◆ DATASET SECTION:

-- Opening Marker --

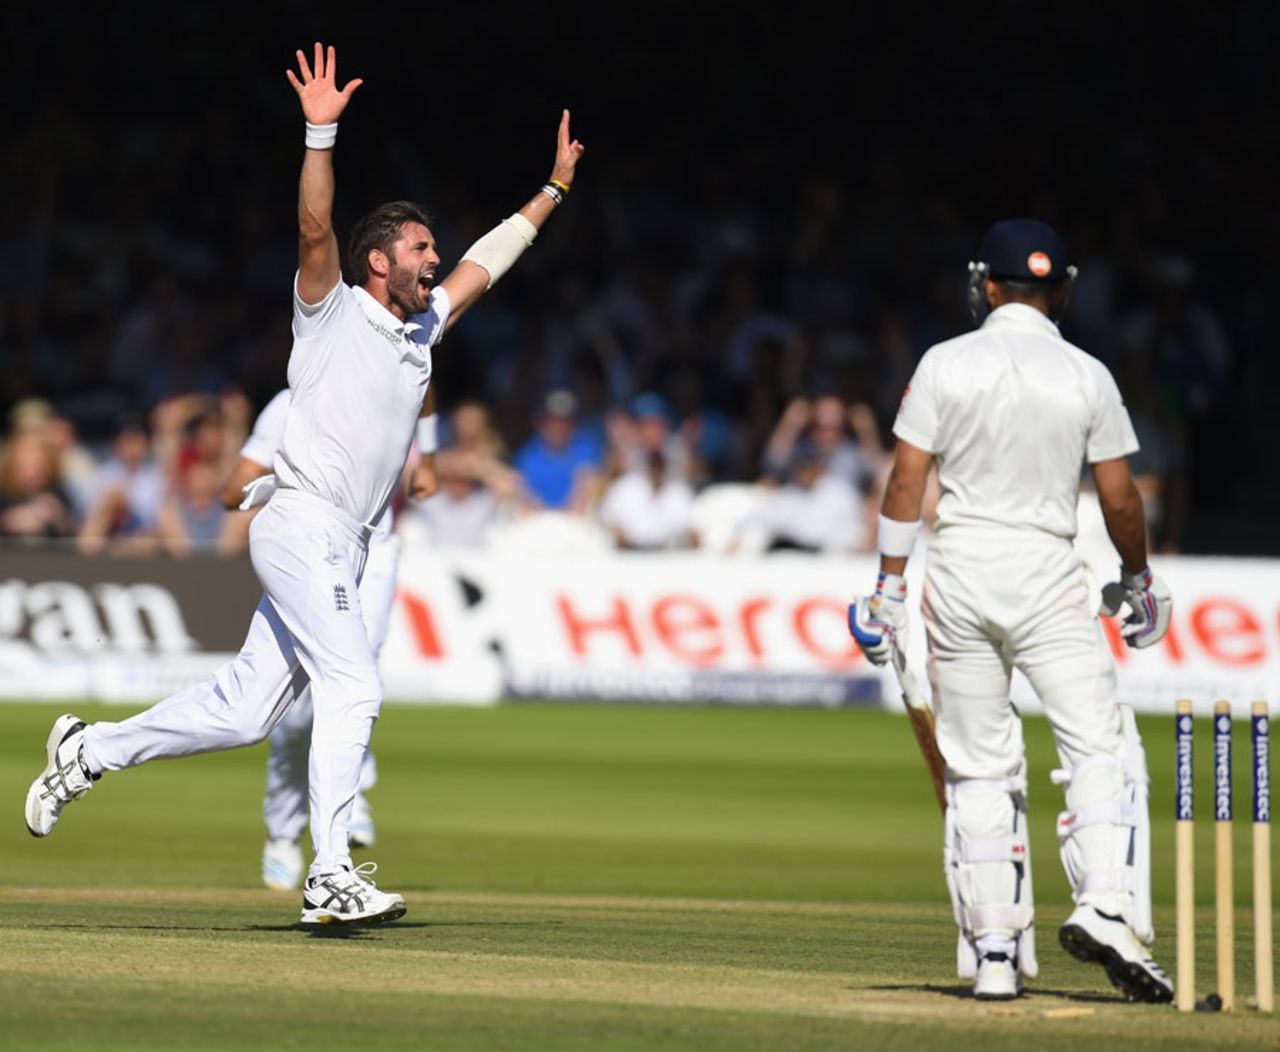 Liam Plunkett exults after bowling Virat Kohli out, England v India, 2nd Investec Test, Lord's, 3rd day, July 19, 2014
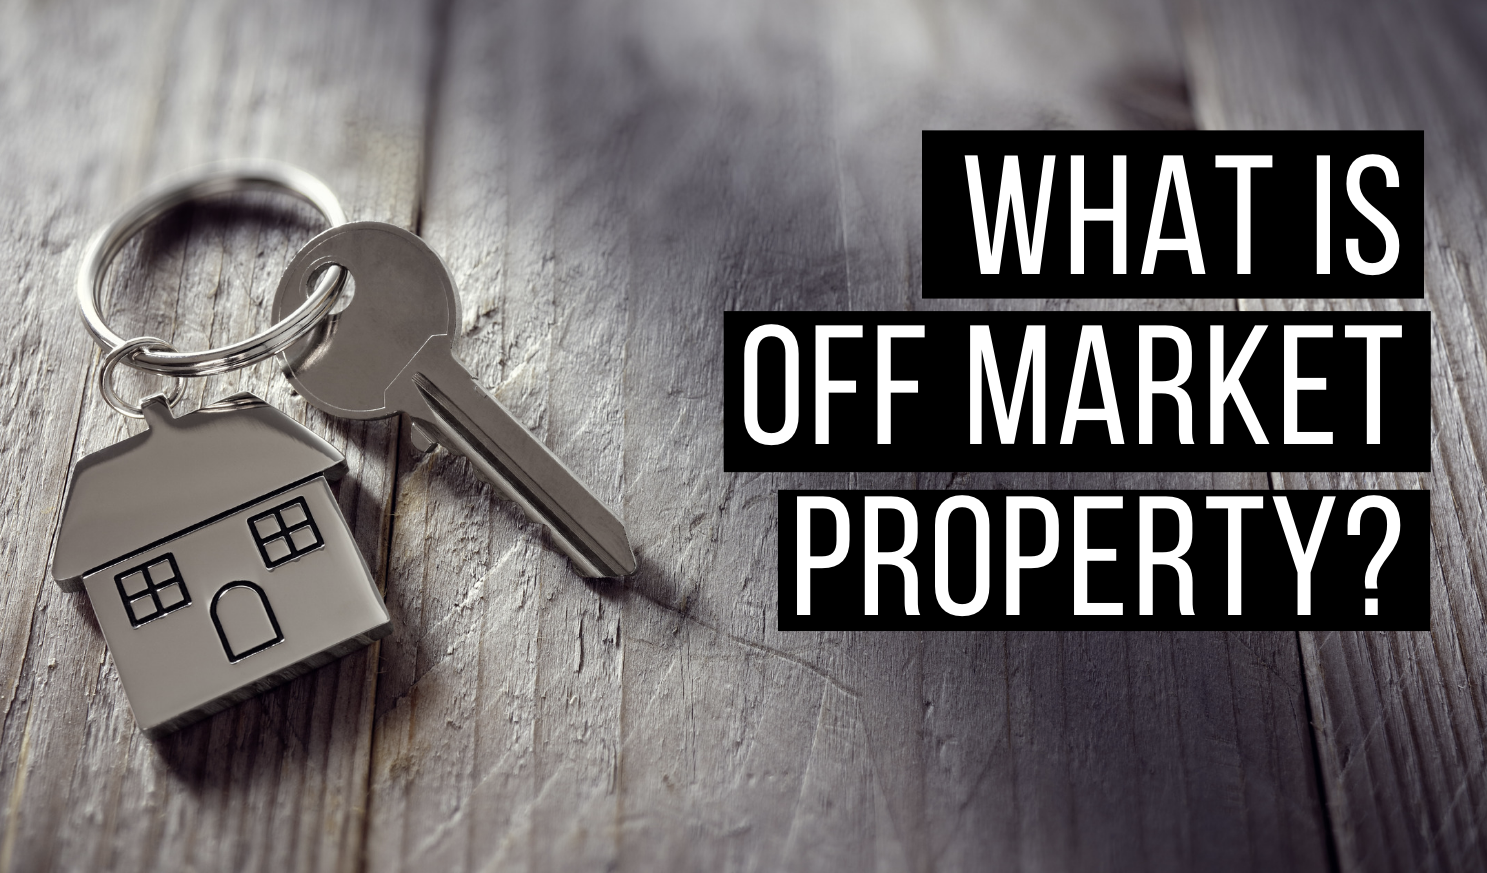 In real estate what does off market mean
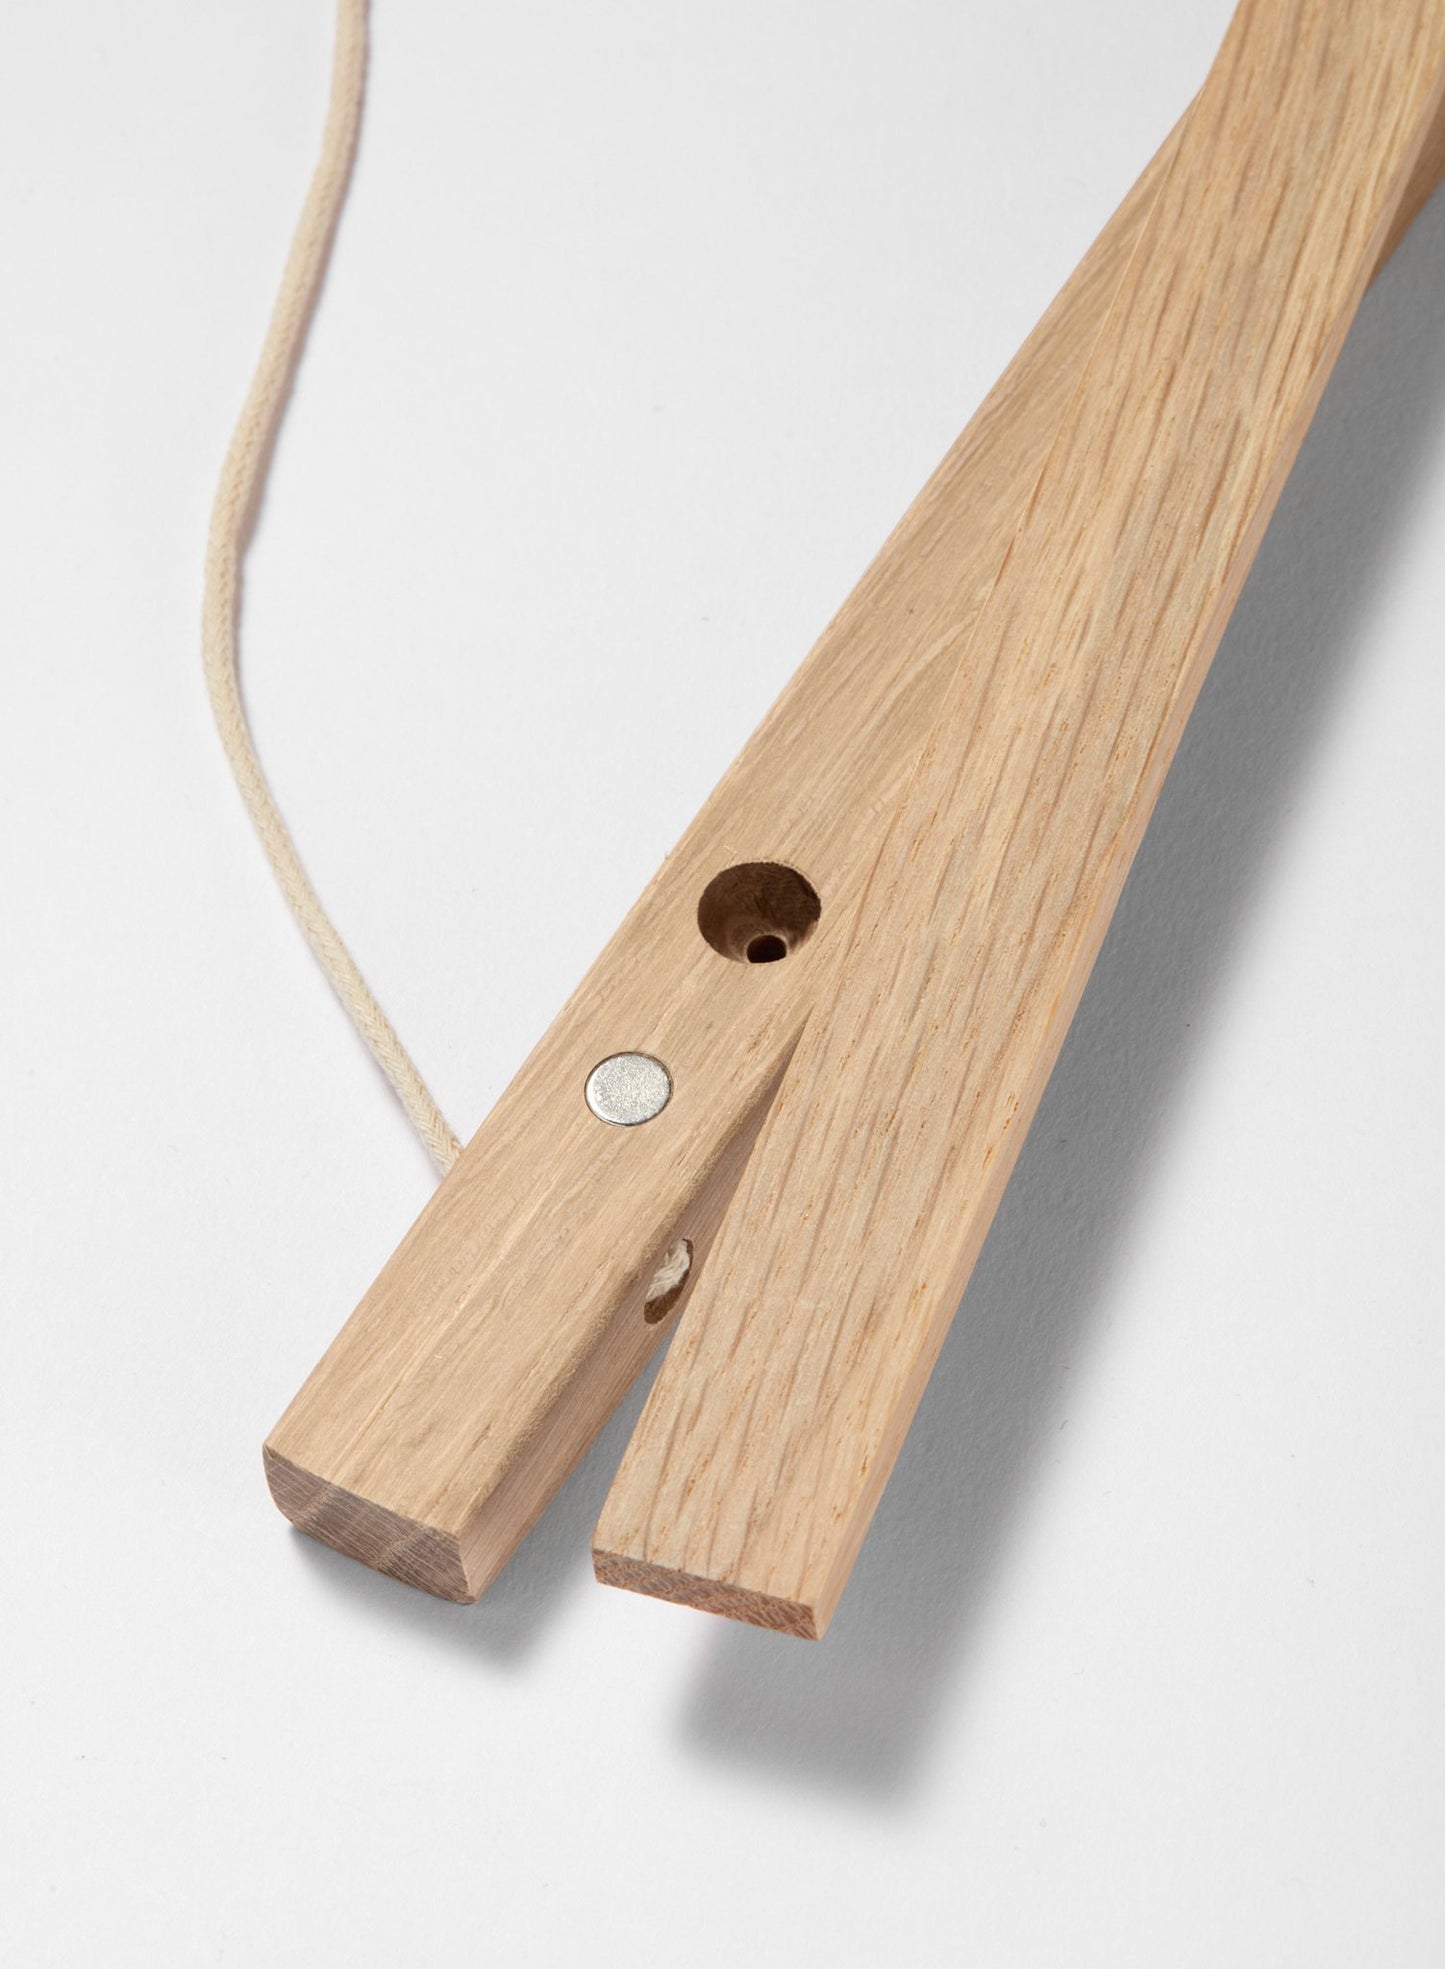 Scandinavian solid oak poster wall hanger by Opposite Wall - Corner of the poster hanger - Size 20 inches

-- Closing Marker --

◆ PROMPT: Copy out all of the data word for word. Do not carry over any picture.

◆ EXPECTED ANSWER:
 Liam Plunkett exults after bowling Virat Kohli out, England v India, 2nd Investec Test, Lord's, 3rd day, July 19, 2014
 In real estate what does off market mean
 Scandinavian solid oak poster wall hanger by Opposite Wall - Corner of the poster hanger - Size 20 inches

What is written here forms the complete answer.